Official film trailer

Van Jones – who for a few months in 2009 was the Obama administration’s Special Advisor for Green Jobs before red-baiting forced him out and now co-hosts CNN’s Crossfire – narrates Act 3. With its focus on the early days of Greenpeace, this is probably A Fierce Green Fire’s fiercest, most action-packed segment. Paul Watson, Rex Weyler, Bob Hunter and other eco-warriors wage war on whalers and those slaughtering seals in the Arctic. Espousing a militant philosophy with confrontational tactics, Watson boldly declares: “I work for whales and turtles, not people.”

Since saving Earth is truly a planetary undertaking, Act 4 goes beyond the United States in an episode entitled “Going Global” narrated by novelist Isabel Allende. Much of the story centers on the fight to protect the Brazilian Amazon. The hero is union organizer and rubber tree tapper Chico Mendes, who opposed deforestation, logging, road paving and supported forest preserves and Indigenous rights until he was murdered in 1988. Allende closes her segment by introducing the next one, referring to Act 5 as “the mother of all environmental issues.”

That, of course, means climate change. The documentary’s grand finale is narrated by none other than Meryl Streep as she examines the science and politics of global warming. We see NASA physicist James Hansen testifying before Congress way back in 1988 and warning that “the greenhouse effect has been detected.” Indian anti-globalization author and 1993 Right Livelihood Award winner Dr. Vandana Shiva speaks briefly, and The End of Nature author Bill McKibben denounces Washington’s inaction. The co-founder of 350.org is a pioneer in the struggle against climate change and visceral opponent of the Keystone XL tar sands pipeline who participated in civil disobedience against it, for which he was jailed in Washington.
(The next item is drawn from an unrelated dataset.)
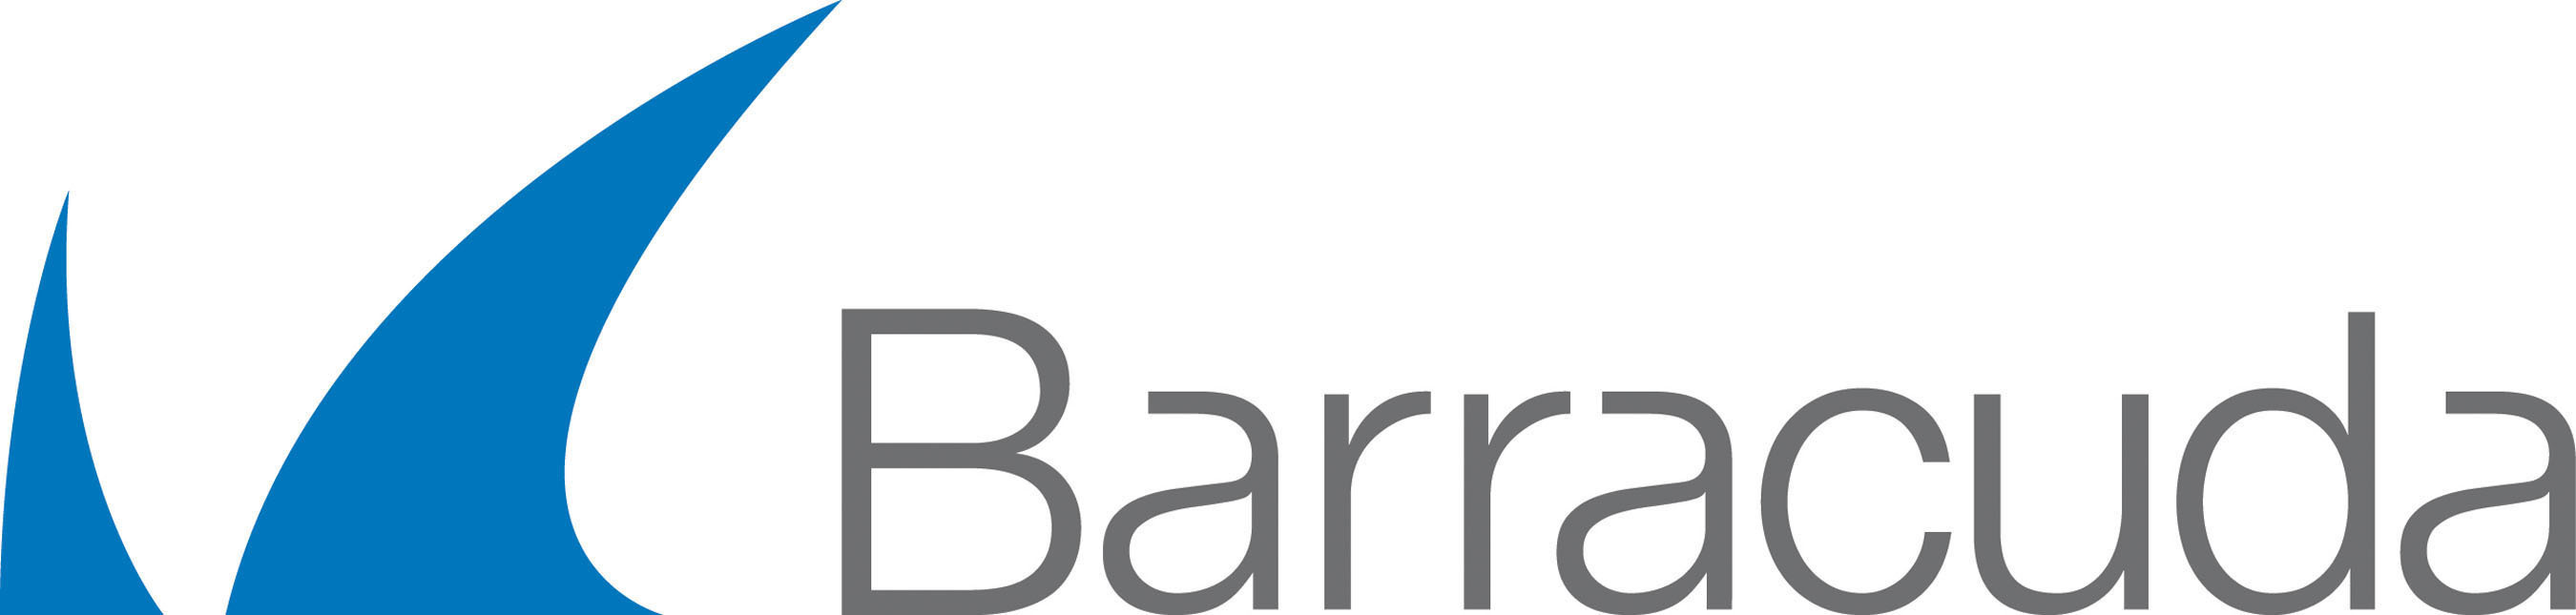 Barracuda Logo. (PRNewsFoto/Barracuda Networks, Inc.) (PRNewsFoto/BARRACUDA NETWORKS, INC.)
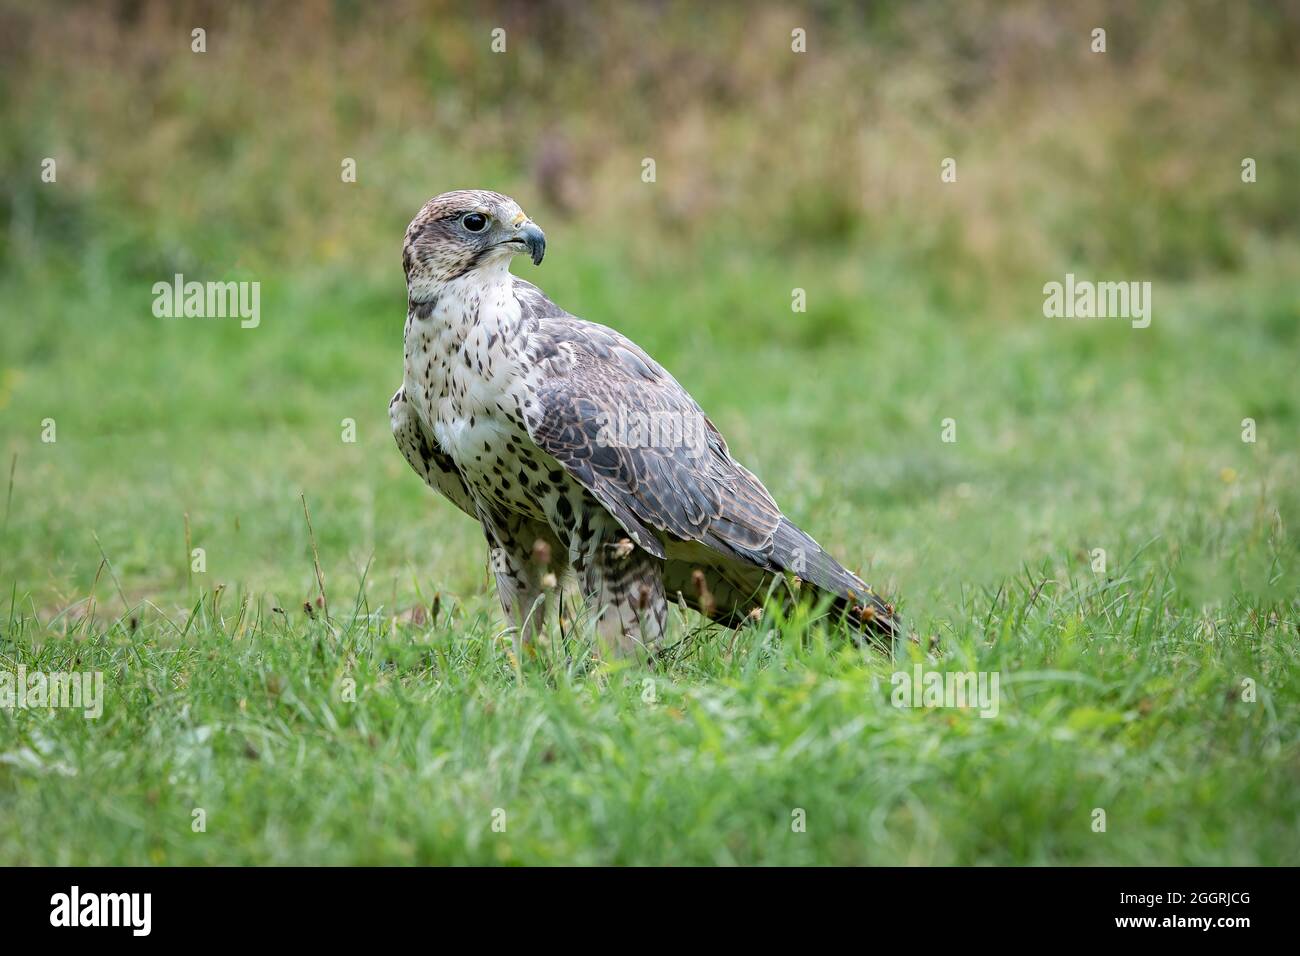 Ein versenkter Falke, der auf einem Grasfeld steht und wachsam aussieht, ist ein Ganzkörperfoto Stockfoto

Although one can’t cover everything in an hour-long documentary that spans 50 years, the film is hamstrung by some serious omissions. For example, three of environmentalism’s current bêtes noir – the Keystone XL tar sands pipeline, hydraulic fracturing and nuclear power – are little mentioned, if at all, in A Fierce Green Fire.

To pay tribute to Earth Day A Fierce Green Fire is scheduled to air nationwide at 9:00 p.m. on April 22 on PBS stations (check local listings).

Asked about these omissions director/producer/writer Mark Kitchell responded via email: “We made the film before Keystone began – and we tried to work it into the film as we edited. But it kept getting pushed to the ending and the ending became that mosaic of protest all over the world. That’s where a bunch of more contemporary activism ended up,” including the “Keystone XL protest when they surround the White House.” Some activists might consider the film’s scant or absent coverage of current issues to be shortcomings, if not major oversights. But aside from these lapses, A Fierce Green Fire offers a rousing overview of the movement that just might, literally, save the world.

Kitchell’s documentary is part of the American Masters biography series, which is a production of THIRTEEN (its parent company, WNET, is New York’s PBS member TV station). The distinguished American Masters series – which has won 26 Emmys, 12 Peabodys, three Grammys plus an Oscar – generally celebrates and profiles institutions and individuals who have made outstanding contributions to America’s arts and culture. Past subjects include Arthur Miller, Ella Fitzgerald, Albert Einstein, the Joffrey Ballet, Walter Cronkite, Martha Graham, the Actor’s Studio, John Lennon, and John James Audubon. It is certainly a high honor, and completely appropriate, for the environmental movement and its leading champions to be among such esteemed and exalted company.